● Work instructions: What are the lines, word for word, from the line with "3M™ Cubitron™ 3" up to and including the line with "5/8 in-11 (125" in the records below? Omit the pictures.

*** Extracted material ***

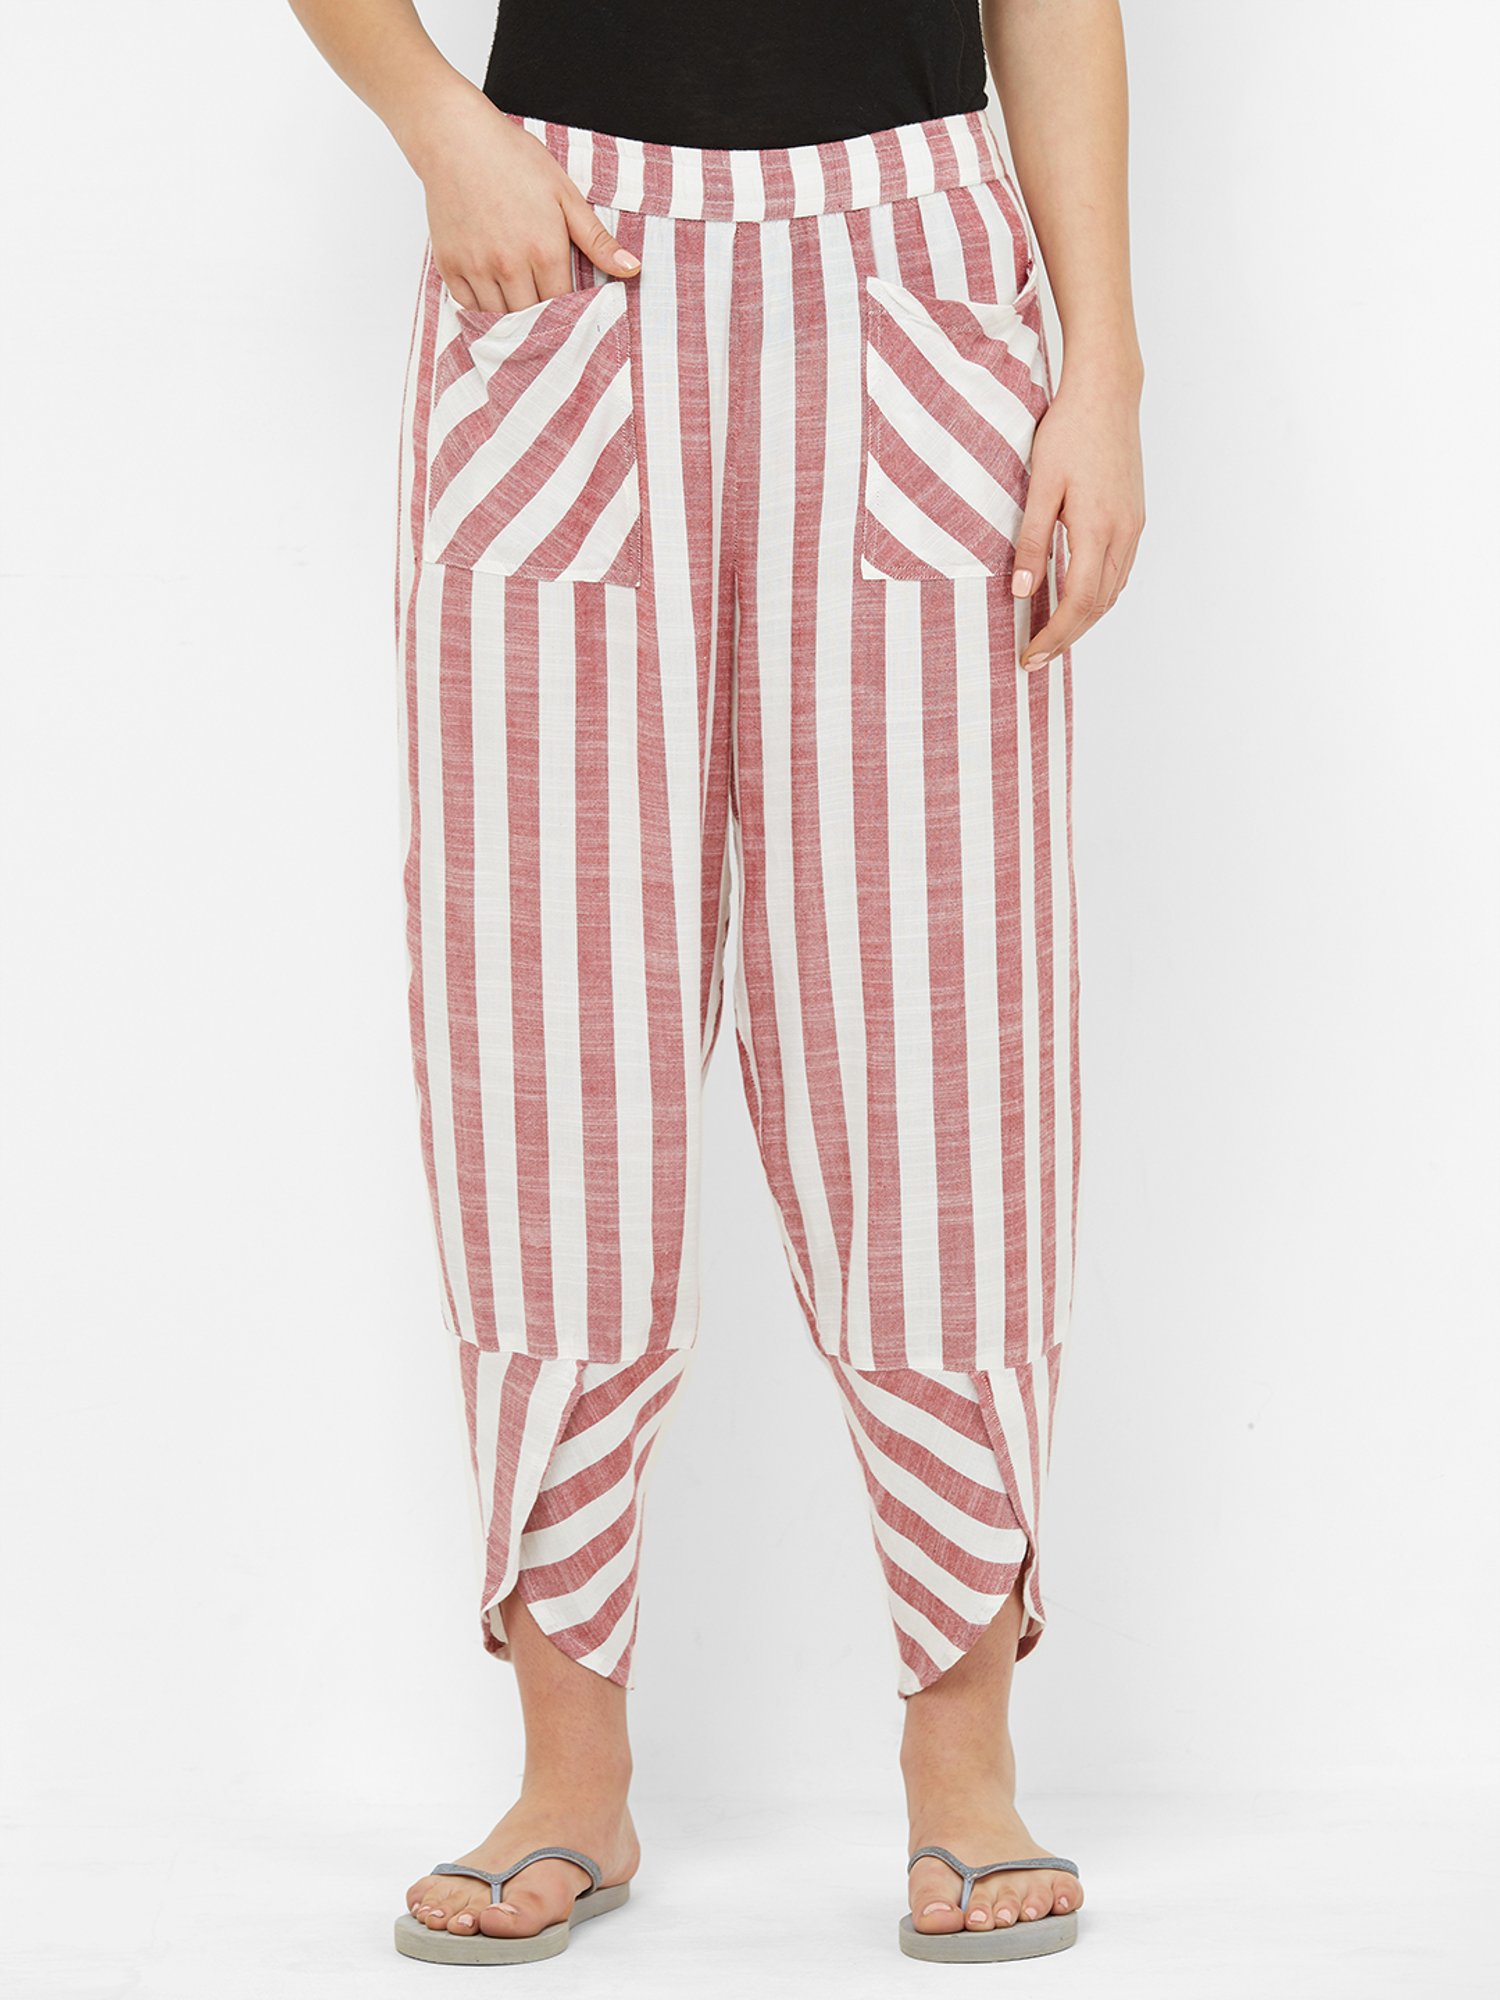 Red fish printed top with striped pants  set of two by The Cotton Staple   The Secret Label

***
*** Extracted material ***

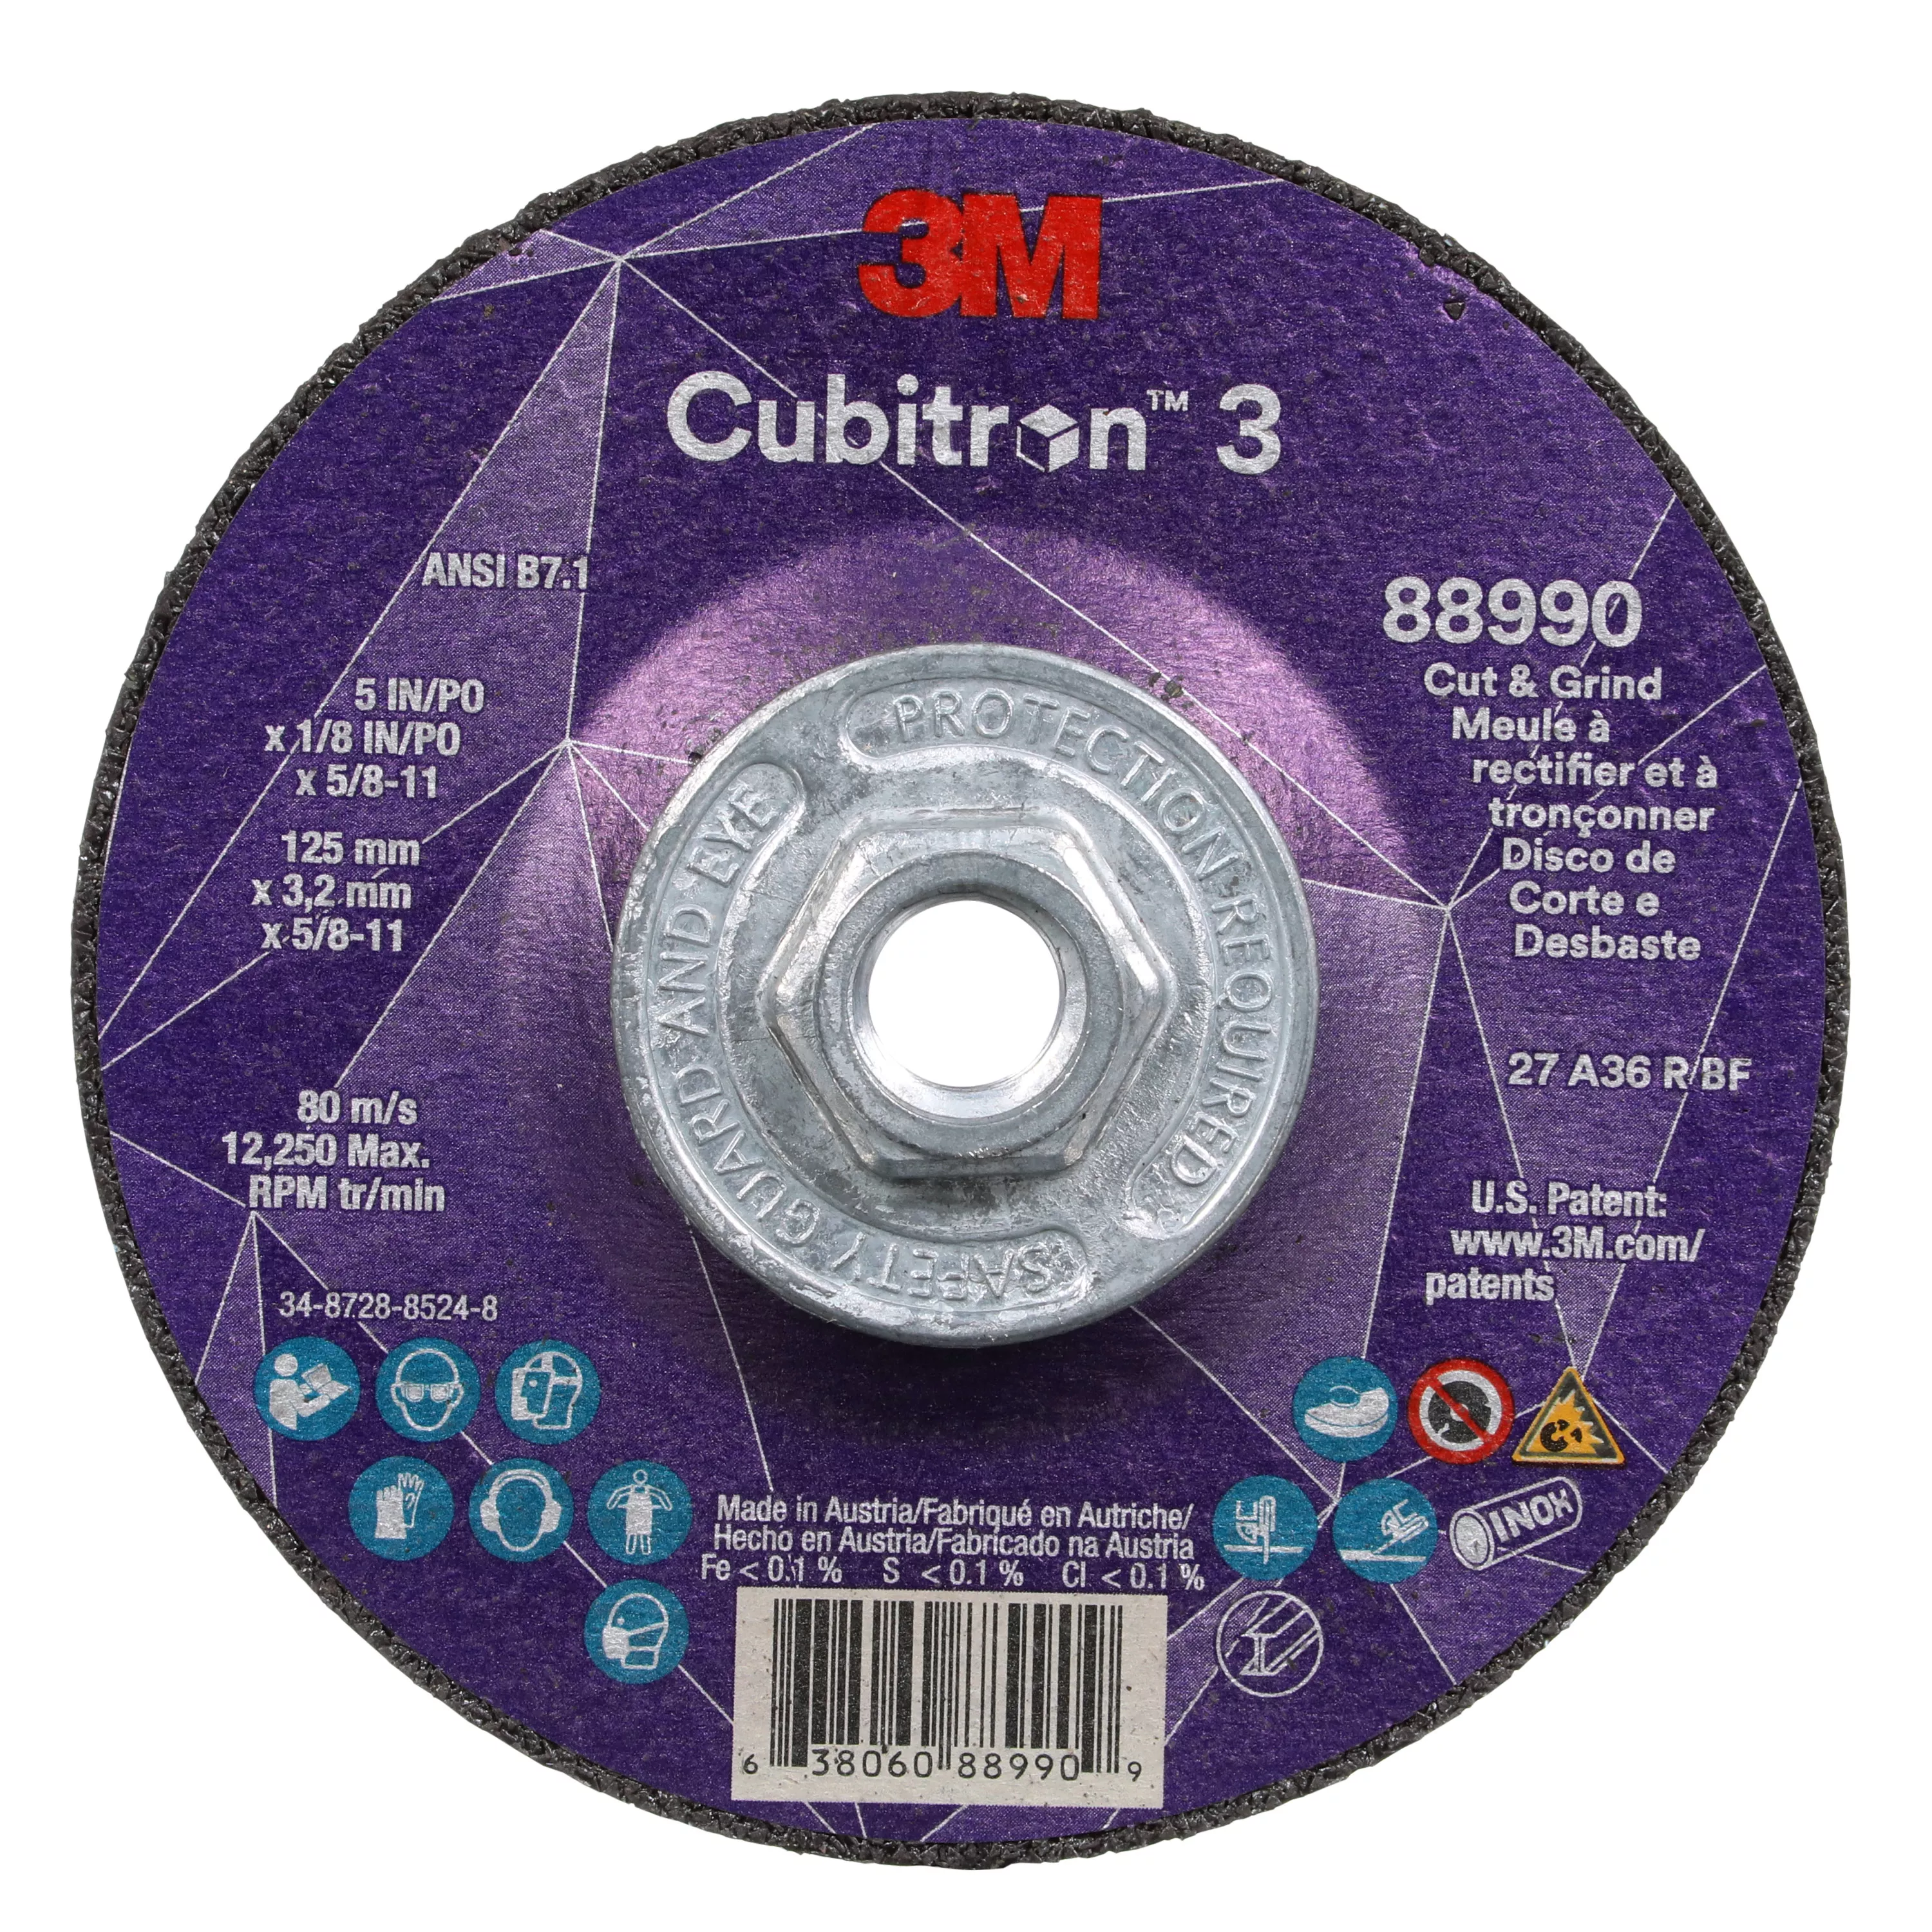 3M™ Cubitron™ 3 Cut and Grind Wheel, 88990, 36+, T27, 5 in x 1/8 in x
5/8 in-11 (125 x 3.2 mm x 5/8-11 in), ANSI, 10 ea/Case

***
*** Extracted material ***

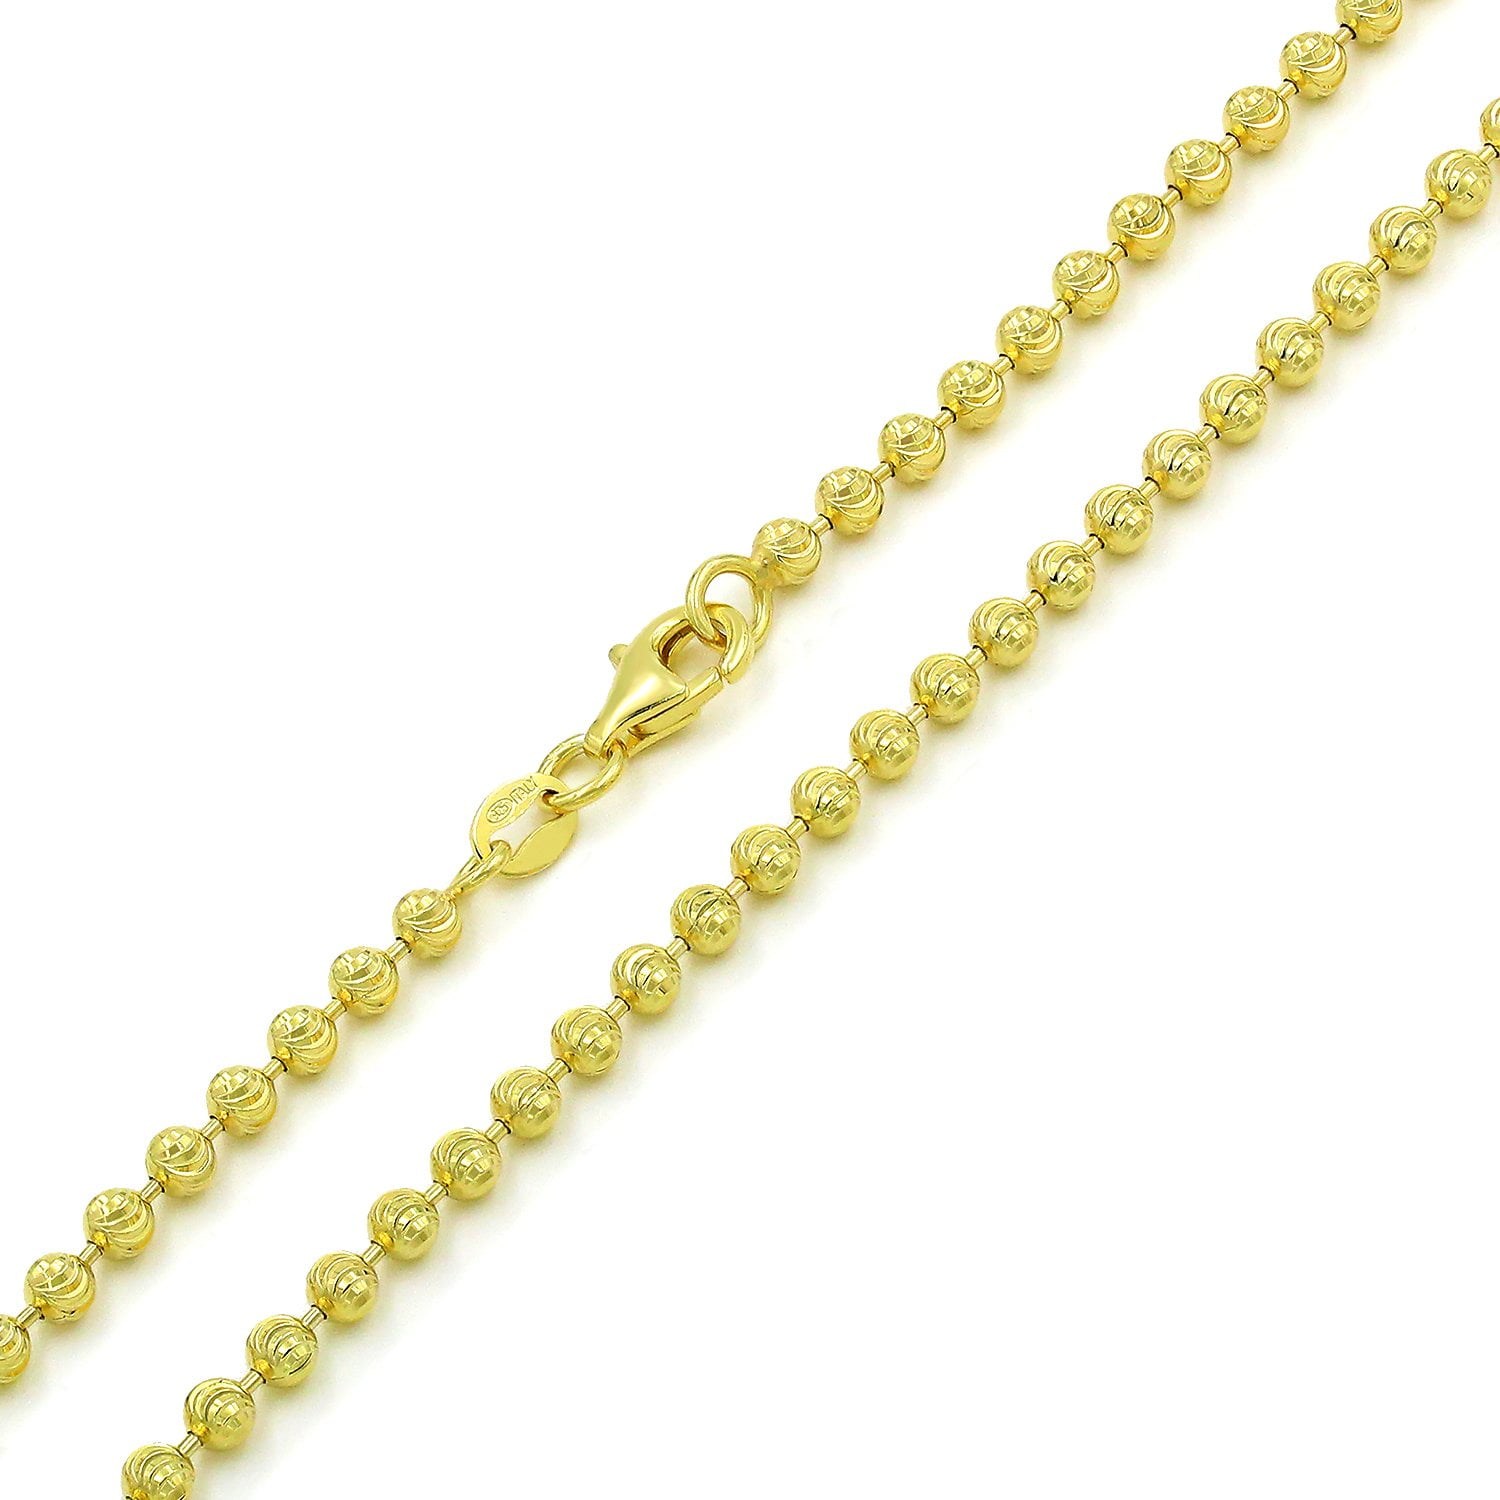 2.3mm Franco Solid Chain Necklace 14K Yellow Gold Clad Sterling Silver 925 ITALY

***

● Solution:
 3M™ Cubitron™ 3 Cut and Grind Wheel, 88990, 36+, T27, 5 in x 1/8 in x
5/8 in-11 (125 x 3.2 mm x 5/8-11 in), ANSI, 10 ea/Case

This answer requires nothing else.